> _WHAT YOU HAVE TO DO_
Return the listing exactly as it appears, but strip out the images.

> _RAW DATA_
────────────────────

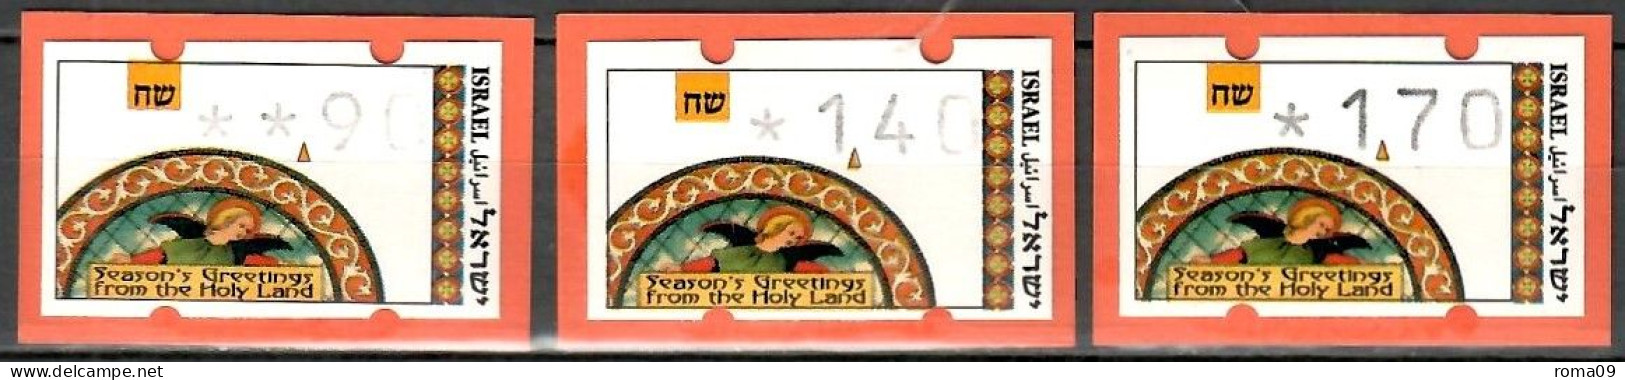 Israel, ATM (Klüssendorf); MiNr. 3; 0,90/1,40/1,70; Postfrisch, Automaten Nr. 023; A-2696 - Franking Labels
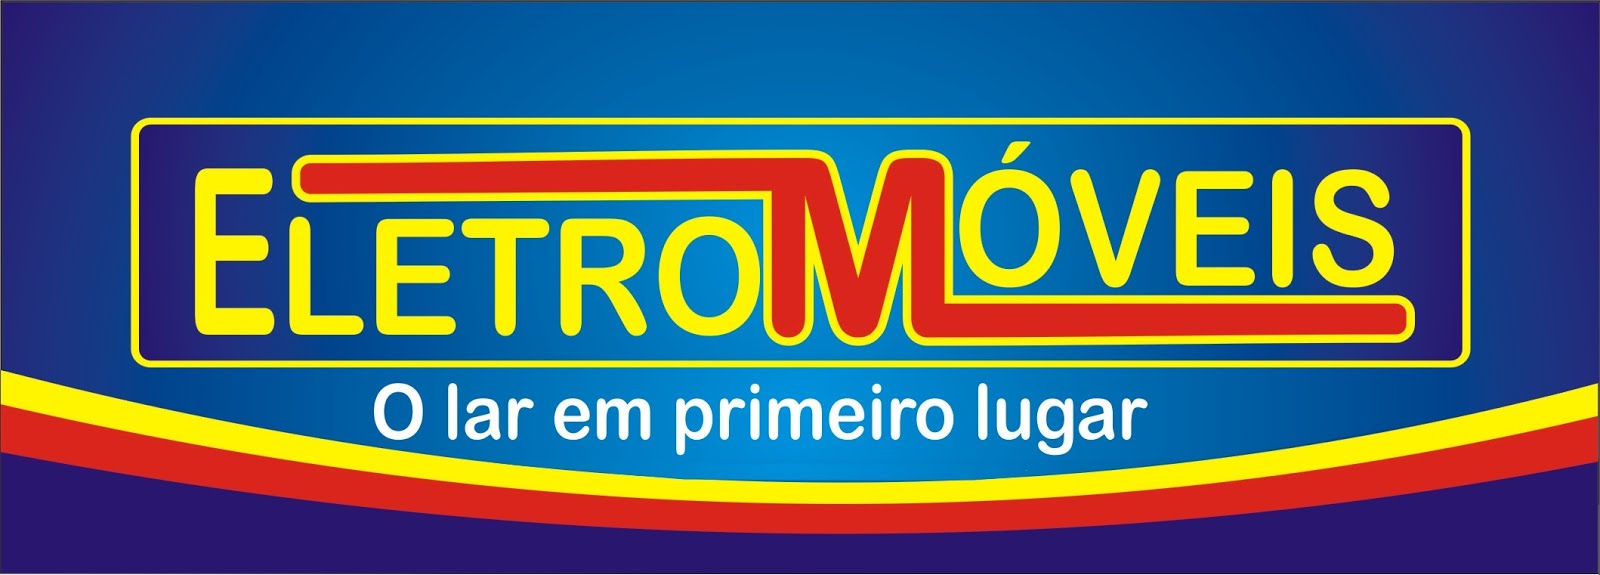 Eeletromóveis - Av. Rio Branco - Pedreiras-MA
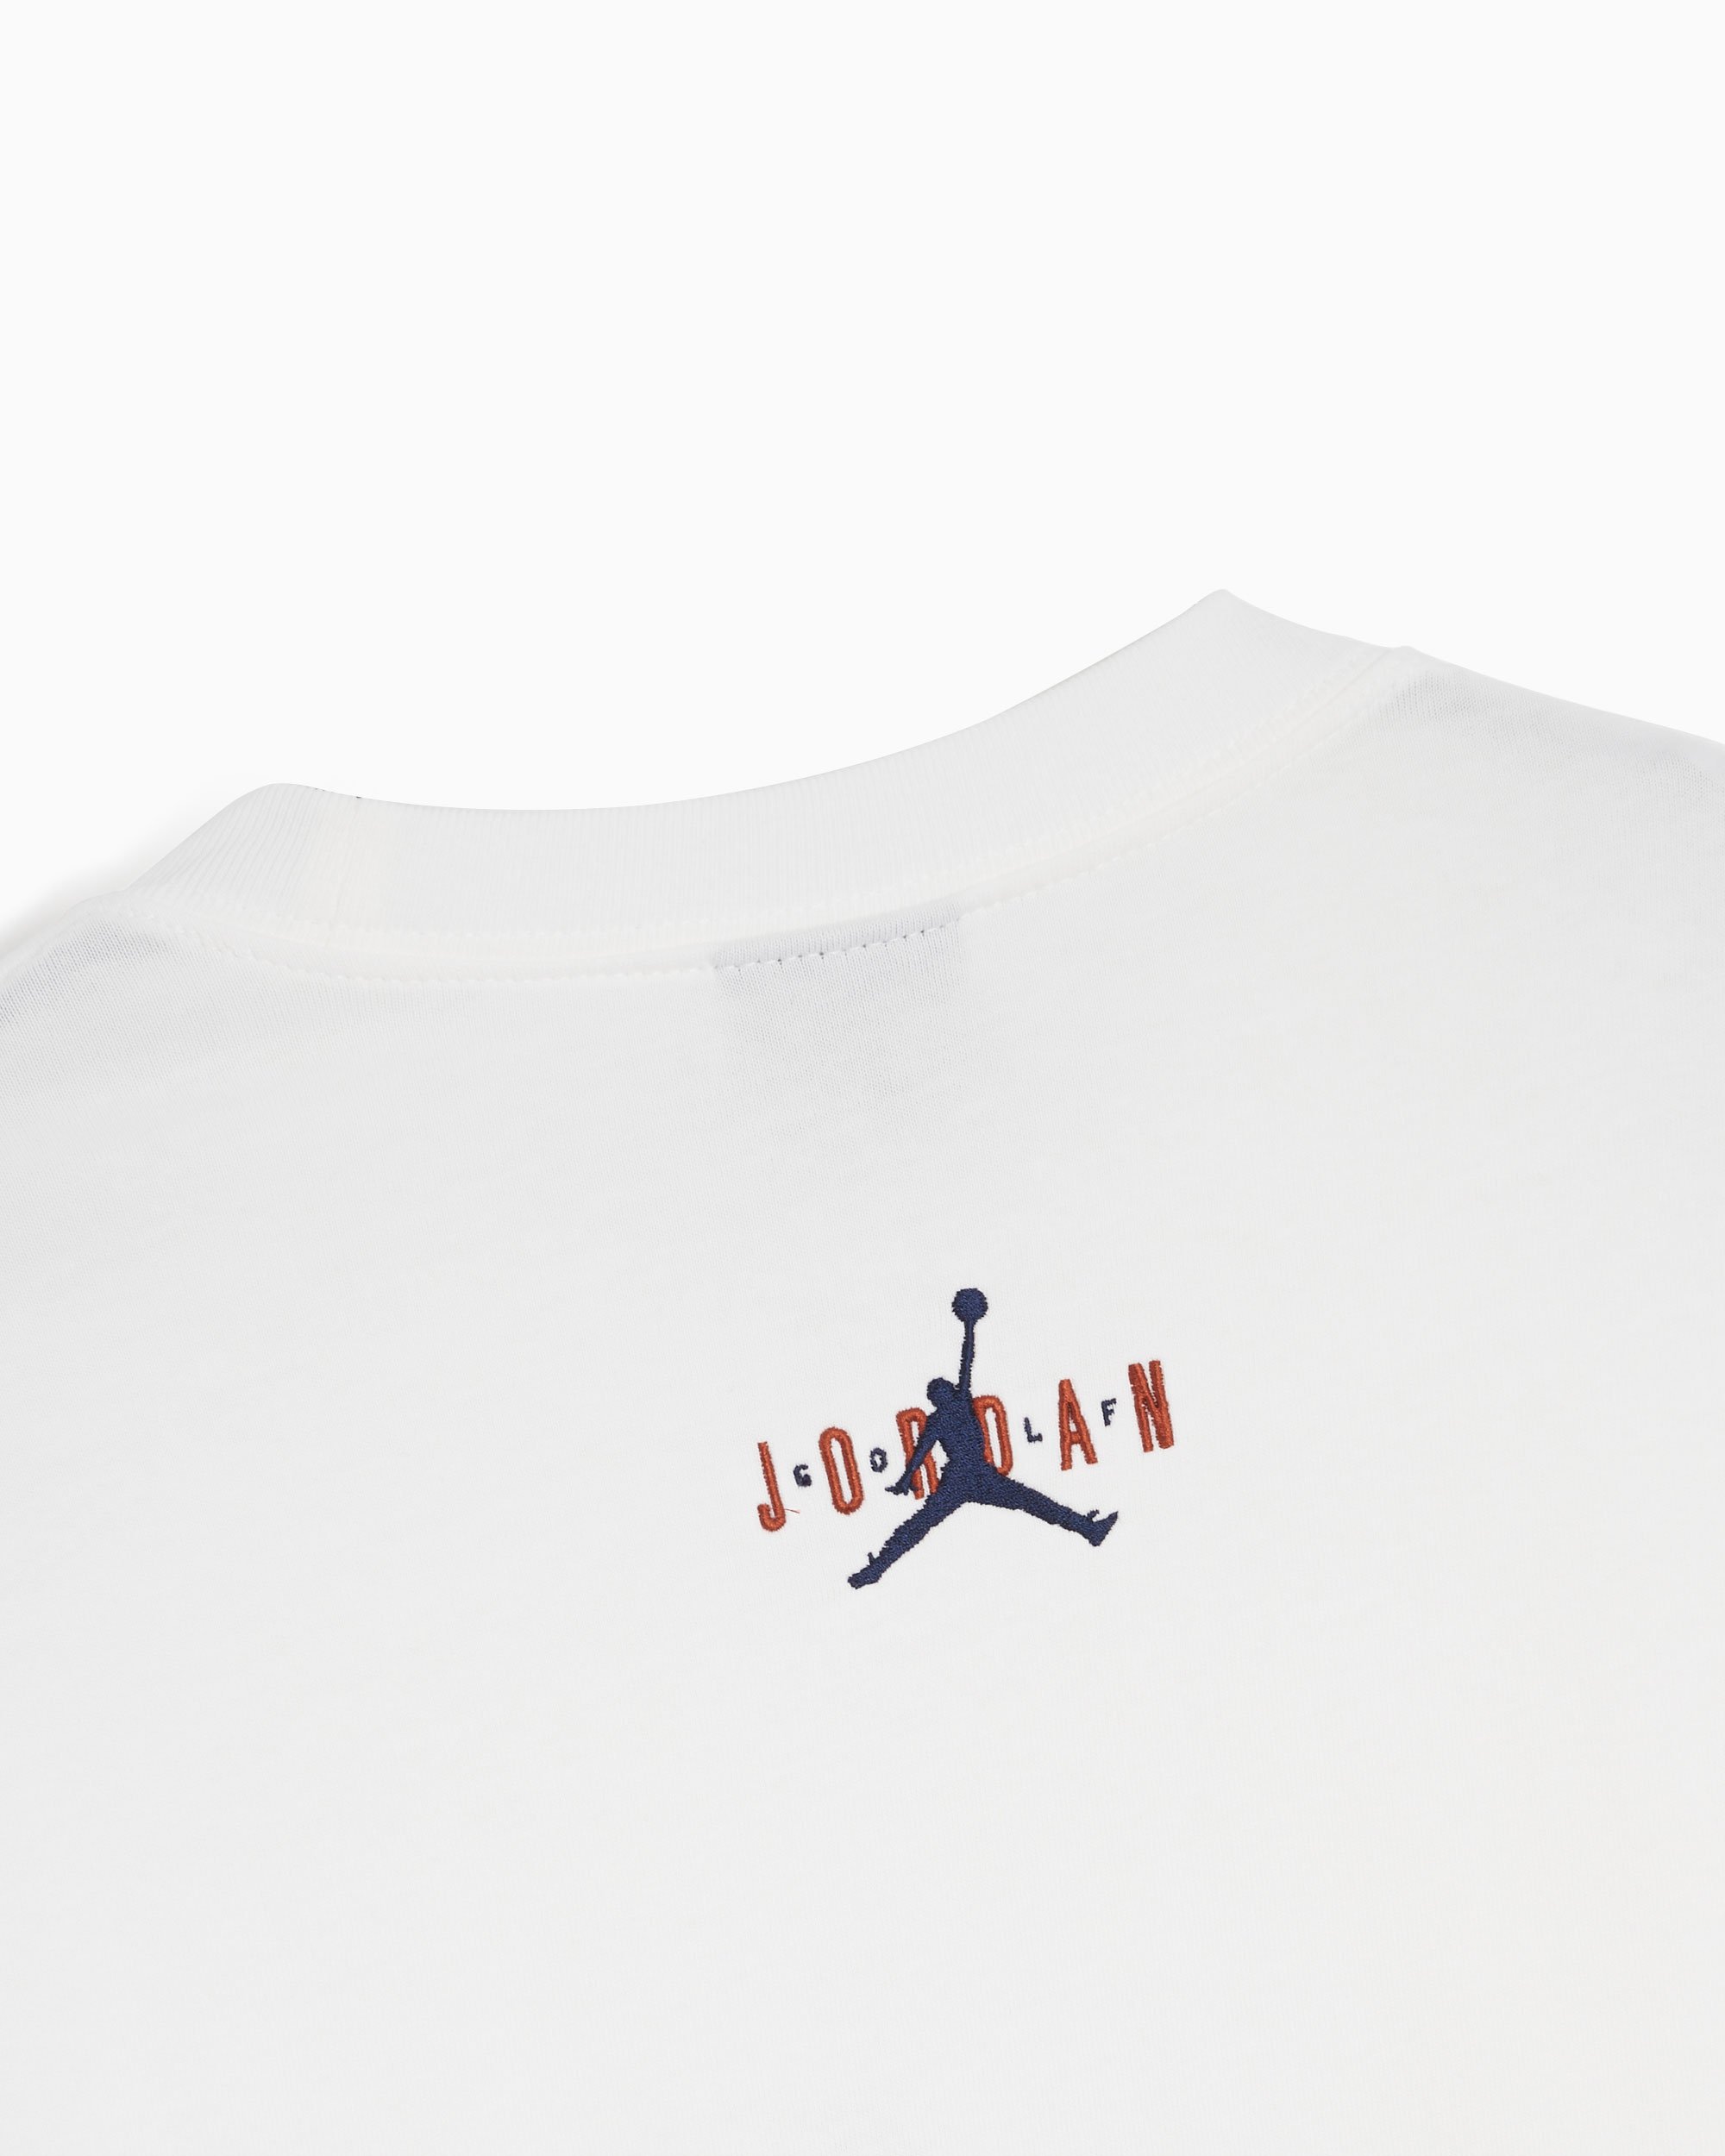 Jordan x Eastside Golf Men's T-Shirt White DV1890-100| Buy Online

────────────────────

> _RESULT OF THE EXERCISE_
 Israel, ATM (Klüssendorf); MiNr. 3; 0,90/1,40/1,70; Postfrisch, Automaten Nr. 023; A-2696 - Franking Labels
 Eeletromóveis - Av. Rio Branco - Pedreiras-MA
 Jordan x Eastside Golf Men's T-Shirt White DV1890-100| Buy Online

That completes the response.